Original research: Free access.
“Improvement of α-synuclein-induced pathological Parkinson’s disease by irisin” by Ted Dawson et al. PNAS


Amelioration of α-synuclein-induced pathological Parkinson’s disease by irisin

Physical activity provides clinical benefit in Parkinson’s disease (PD). Irisin is an exercise-induced polypeptide secreted by skeletal muscle that crosses the blood-brain barrier and mediates some effects of exercise. Here, we show that irisin prevents α-synuclein (α-syn)-induced pathological neurodegeneration in the α-syn preformed fibril (PFF) mouse model of sporadic PD.

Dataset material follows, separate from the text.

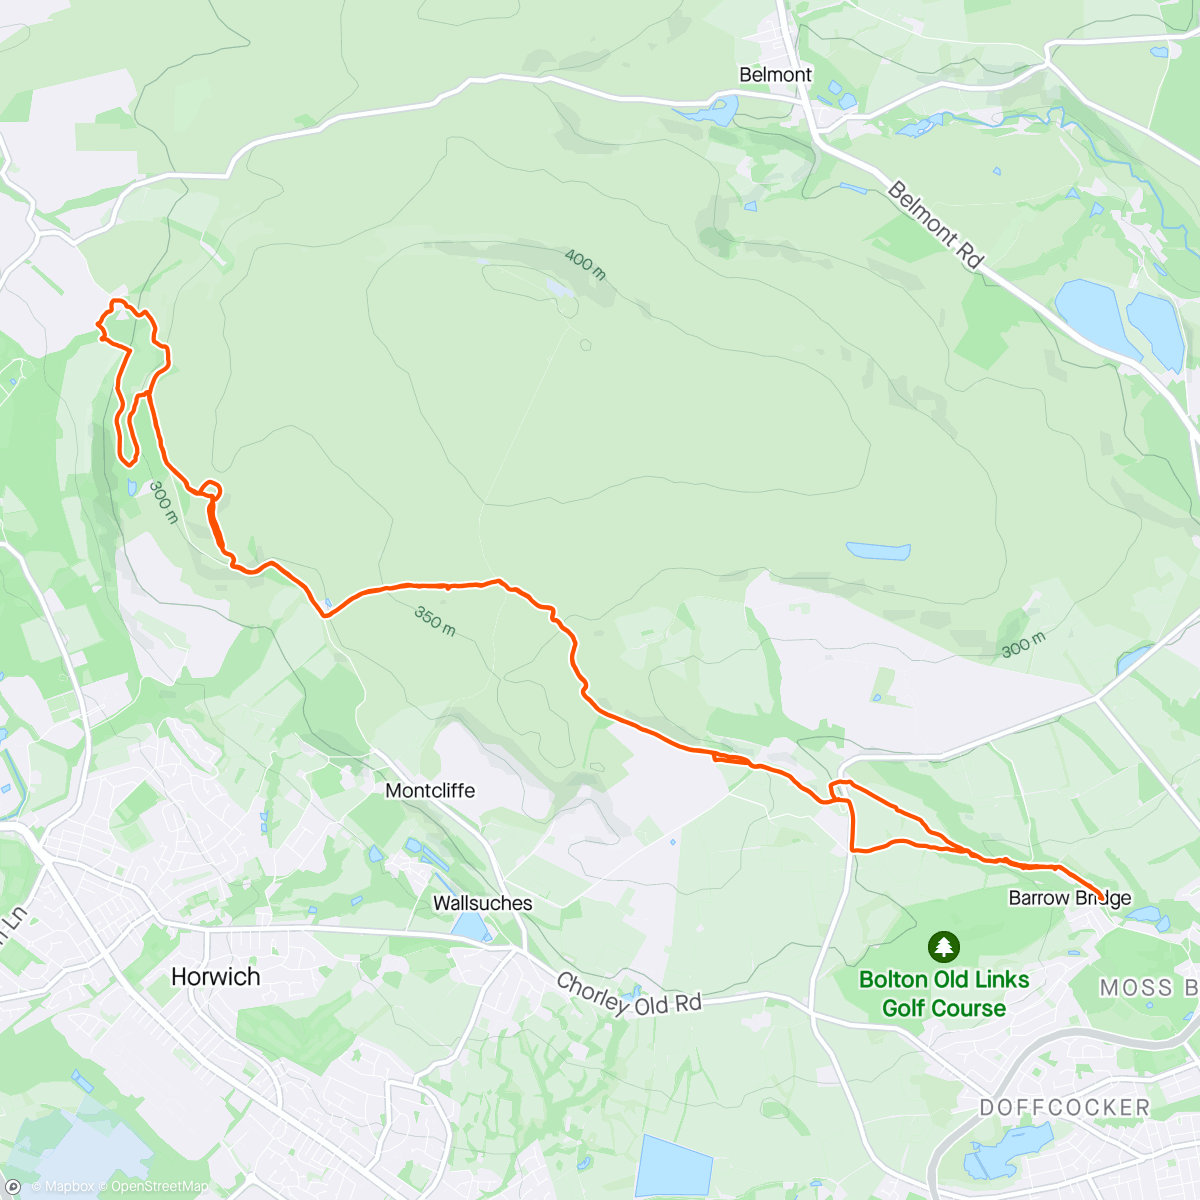 Map of the activity, Hike with Kazza from Barrow Bridge, 2 Lads twice, Rivi Pike twice.

Intravenous administration of irisin via viral vectors following stereotaxic intrastriatal injection of α-syn PFF causes a reduction in pathological α-syn formation and prevents the loss of dopaminergic neurons and the decrease in striatal dopamine. Irisin also significantly reduced α-syn PFF-induced motor deficits as assessed behaviorally by the grip and grip strength test.

Sustained recombinant irisin treatment of primary cortical neurons attenuated α-syn PFF toxicity by reducing α-syn phosphorylated serine 129 formation and neuronal cell death. Tandem mass spectrometry and biochemical analysis revealed that irisin reduced pathological α-syn by enhancing endolysosomal degradation of pathological α-syn.

Our results highlight the therapeutic modification potential of irisin in PD.